Ваи-ранги улыбнулся и обнял жену.

— Странные у вас обычаи, — сказал он. — Я покажу тебе, как это делается по-другому.

Ваи-ранги построил еще один дом и внутри дома вбил в землю два толстых кола. Потом он взял жену за руку, привел в новый дом, а любопытным родственникам велел остаться за дверью.

— Садись и обопрись об этот столб, — сказал жене Ваи-ранги. — Прижмись к нему спиной. Это Столб сына. А теперь ухватись покрепче за этот столб, перед собой. Это Столб дочери. Я никого сюда не пущу. Пусть твои родственники оставят у себя все осколки маты. Доверься мне, Тураки-хау, тогда вы оба останетесь живы: и ты, и ребенок. Тебе будет очень больно, но боль можно вытерпеть, мучения скоро кончатся, а потом ты прижмешь живого ребенка к своей груди и твои муки потонут в радости.

— А если я не смогу родить? — спросила Тураки-хау. — Ты разрешишь позвать моих родных, чтобы они вынули ребенка и не дали ему умереть вместе со мной?

— Если мучения тянутся слишком долго, — сказал Ваи-ранги, — надо кричать: «Ао-нуи, возьми моего младенца в свой мир! Ао-роа, возьми моего младенца в свой мир! Ао-тауира, возьми моего младенца в свой мир!» (Ао-нуи, Ао-роа, Ао-тауира — «Великое облако», «Длинное облако», «Мудрое облако» — небожители, дети-облака. — Примеч. ред.).
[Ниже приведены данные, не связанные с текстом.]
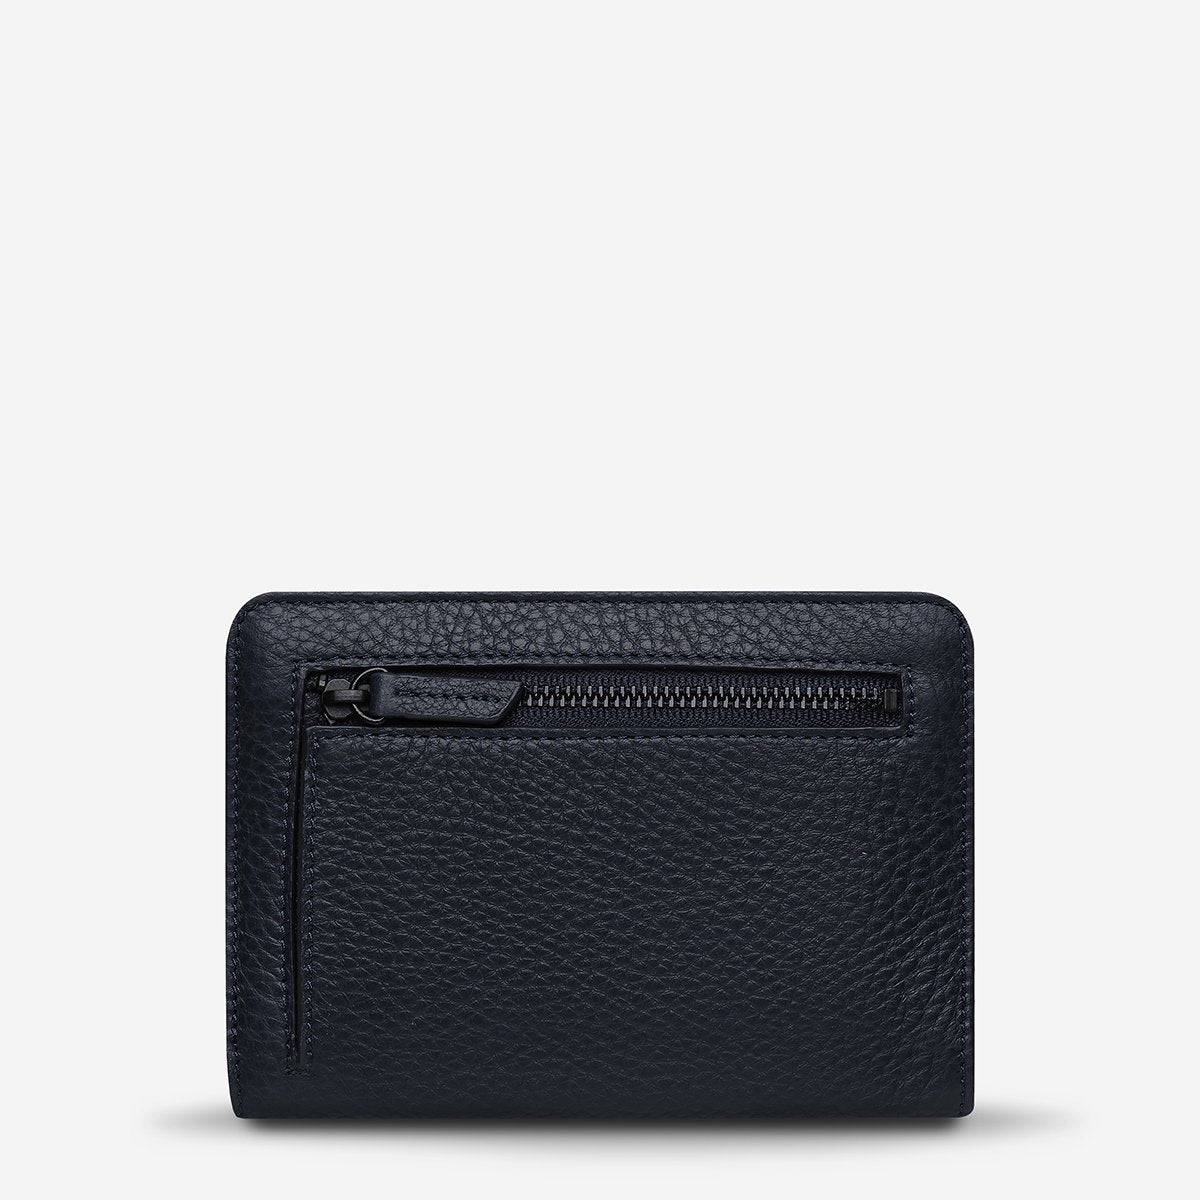 Popular Problems Leather Wallet - Navy Blue
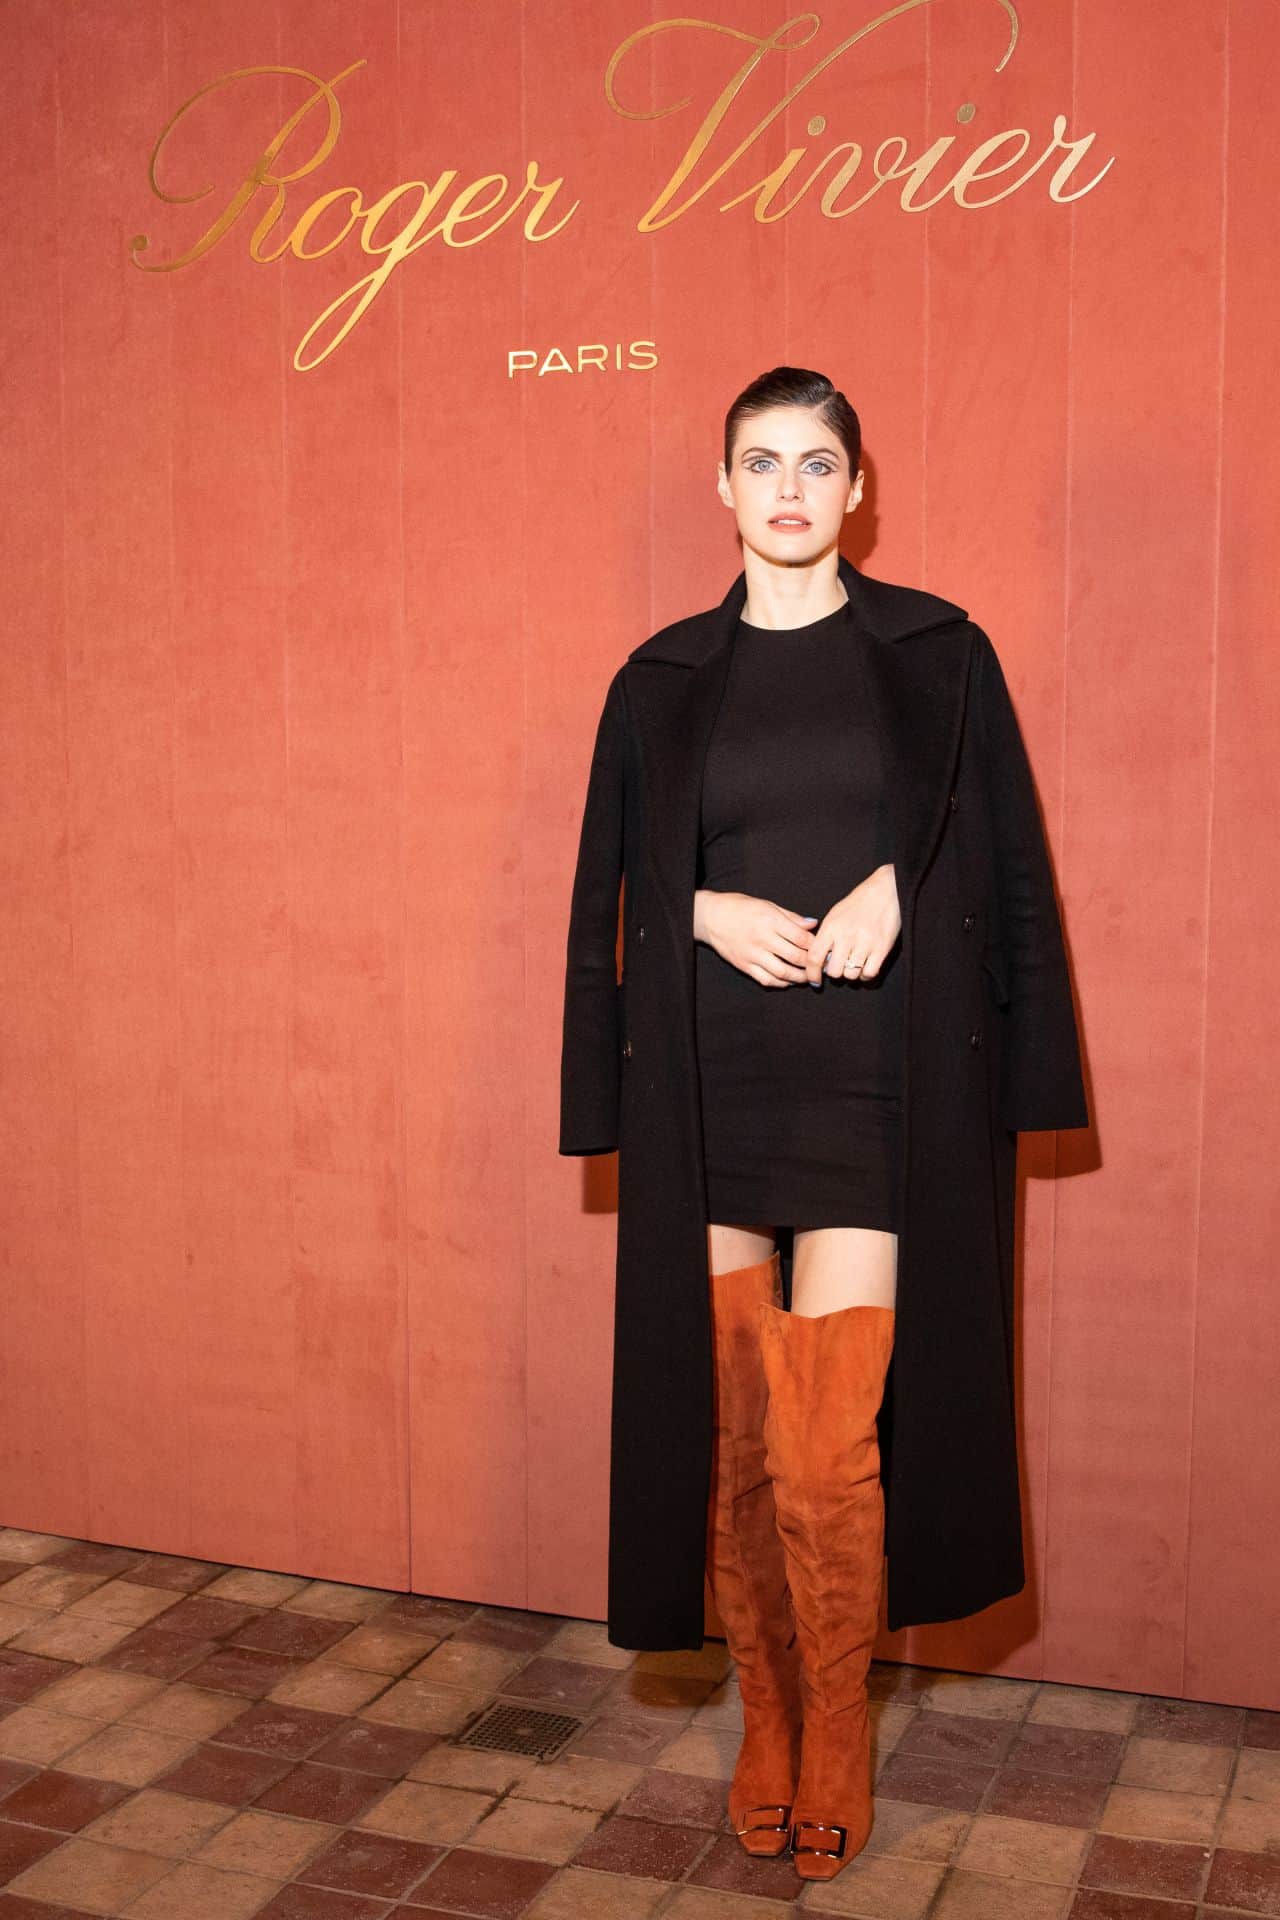 Alexandra Daddario Impresses in Chic and Stylish Ensemble at Roger Vivier Dinner Event

— А если он все равно не сможет появиться на свет?

— Тогда ты закричишь: «Тура, возьми его!». Ребенок родится, и твое сердце переполнится счастьем.

В глазах Тураки-хау засветилась глубокая радость. Она знала, что может довериться своему мужу: в эти часы, когда она была между жизнью и смертью, он наконец-то открыл ей свое настоящее имя.

Когда подошел срок, Тураки-хау прижалась спиной к Столбу сына, тело ее содрогнулось от схваток. Боль становилась все нестерпимее, но Тураки-хау наклонилась вперед, сжала сплетенными пальцами неколебимый Столб дочери, и, несмотря на тяжкие страдания, сердце ее радовалось, душа ее ликовала.

Снаружи послышались приглушенные голоса женщин и открытые угрозы, но в доме было уже три живых существа. С гордостью держа на руках сына, Тура открыл дверь. Вместе с женой он прошел сквозь толпу онемевших женщин. Пуповину Тура обрезал, а после отдал богу Муа. Он увел Турахи-хау из поселения, и, пока у новорожденного не зажил пупок, она жила с ним отдельно от всех. Мальчика назвали Тауира-ахуа. Роды Тураки-хау так поразили соплеменников, что они отказались от некоторых своих привычек: те, кто помогал во время свершения обряда тохи, сами приготовили праздничное угощение в уму. И все аитанги приняли участие в этом пире.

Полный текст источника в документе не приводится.